Winter cholecalciferol supplementation at 51°N has no effect on markers of cardiometabolic risk in healthy adolescents aged 14-18 years

Research output: Contribution to journalJournal articleResearchpeer-review

Taryn J Smith, Laura Tripkovic, Hanne Hauger, Camilla Trab Damsgaard, Christian Mølgaard, Susan A Lanham-New, Kathryn H Hart

Background: Epidemiologic studies have supported inverse associations between low serum 25-hydroxyvitamin D [25(OH)D] and cardiometabolic risk markers, but few randomized trials have investigated the effect of vitamin D supplementation on these markers in adolescents.

Objective: The objective of this study was to investigate the effect of winter-time cholecalciferol (vitamin D3) supplementation on cardiometabolic risk markers in white, healthy 14- to 18-y-old adolescents in the UK (51°N) as part of the ODIN Project.

Methods: In a dose-response trial, 110 adolescents (mean ± SD age: 15.9 ± 1.4 y; 43% male; 81% normal weight) were randomly assigned to receive 0, 10 or 20 μg/d vitamin D3 for 20 wk (October-March).

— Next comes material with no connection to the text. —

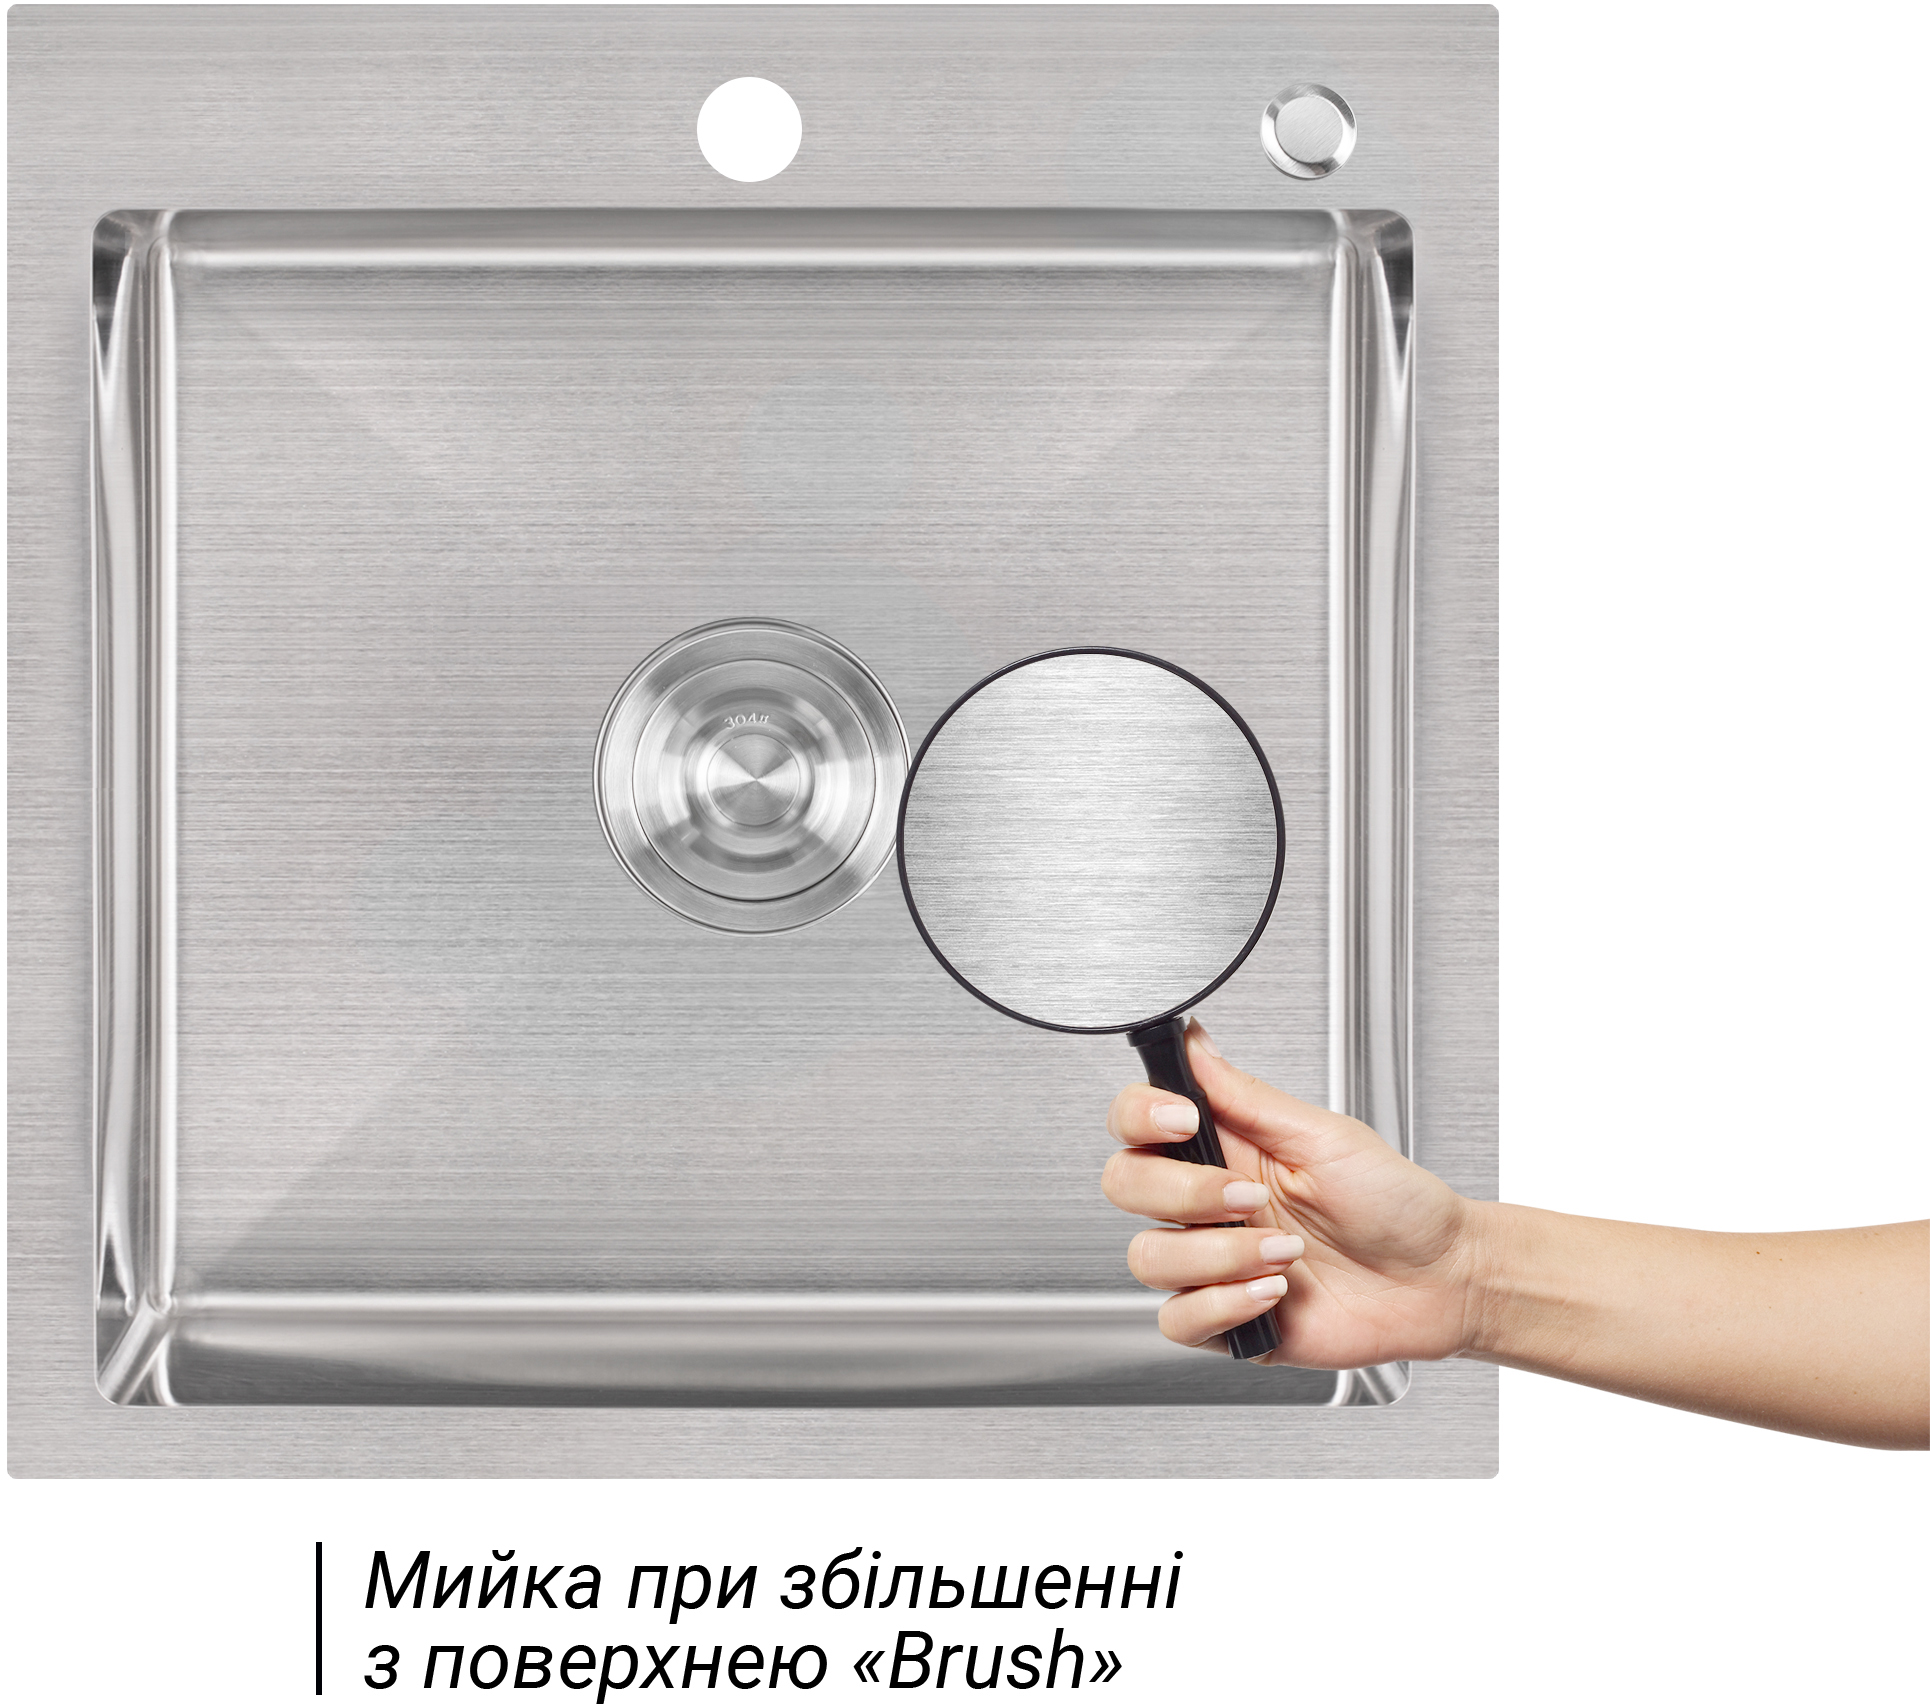 Набор 2 в 1 кухонная мойка + дозатор Lidz H5050 3.0/1.0 мм Brush цена 2619 грн - фотография 2

Cardiometabolic risk markers including BMI-for-age z score (BMIz), waist circumference, systolic and diastolic blood pressure, fasting plasma triglycerides, cholesterol (total, HDL, LDL, and total:HDL), and glucose were measured at baseline and endpoint as secondary outcomes, together with serum 25(OH)D. Intervention effects were evaluated in linear regression models as between-group differences at endpoint, adjusted for the baseline value of the outcome variable and additionally for age, sex, Tanner stage, BMIz, and baseline serum 25(OH)D.

Results: Mean ± SD baseline serum 25(OH)D was 49.1 ± 12.3 nmol/L and differed between groups at endpoint with concentrations of 30.7 ± 8.6, 56.6 ± 12.4, and 63.9 ± 10.6 nmol/L in the 0, 10, and 20 μg/d groups, respectively (P ≤ 0.001). Vitamin D3 supplementation had no effect on any of the cardiometabolic risk markers (all P > 0.05), except for lower HDL (-0.12 mmol/L; 95% CI: -0.21, 0.04 mmol/L; P = 0.003) and total cholesterol (-0.21 mmol/L; 95% CI: -0.42, 0.00 mmol/L; P = 0.05) in the 20 μg/d than in the 10 μg/d group, which disappeared in the fully adjusted analysis (P = 0.27 and P = 0.30, respectively).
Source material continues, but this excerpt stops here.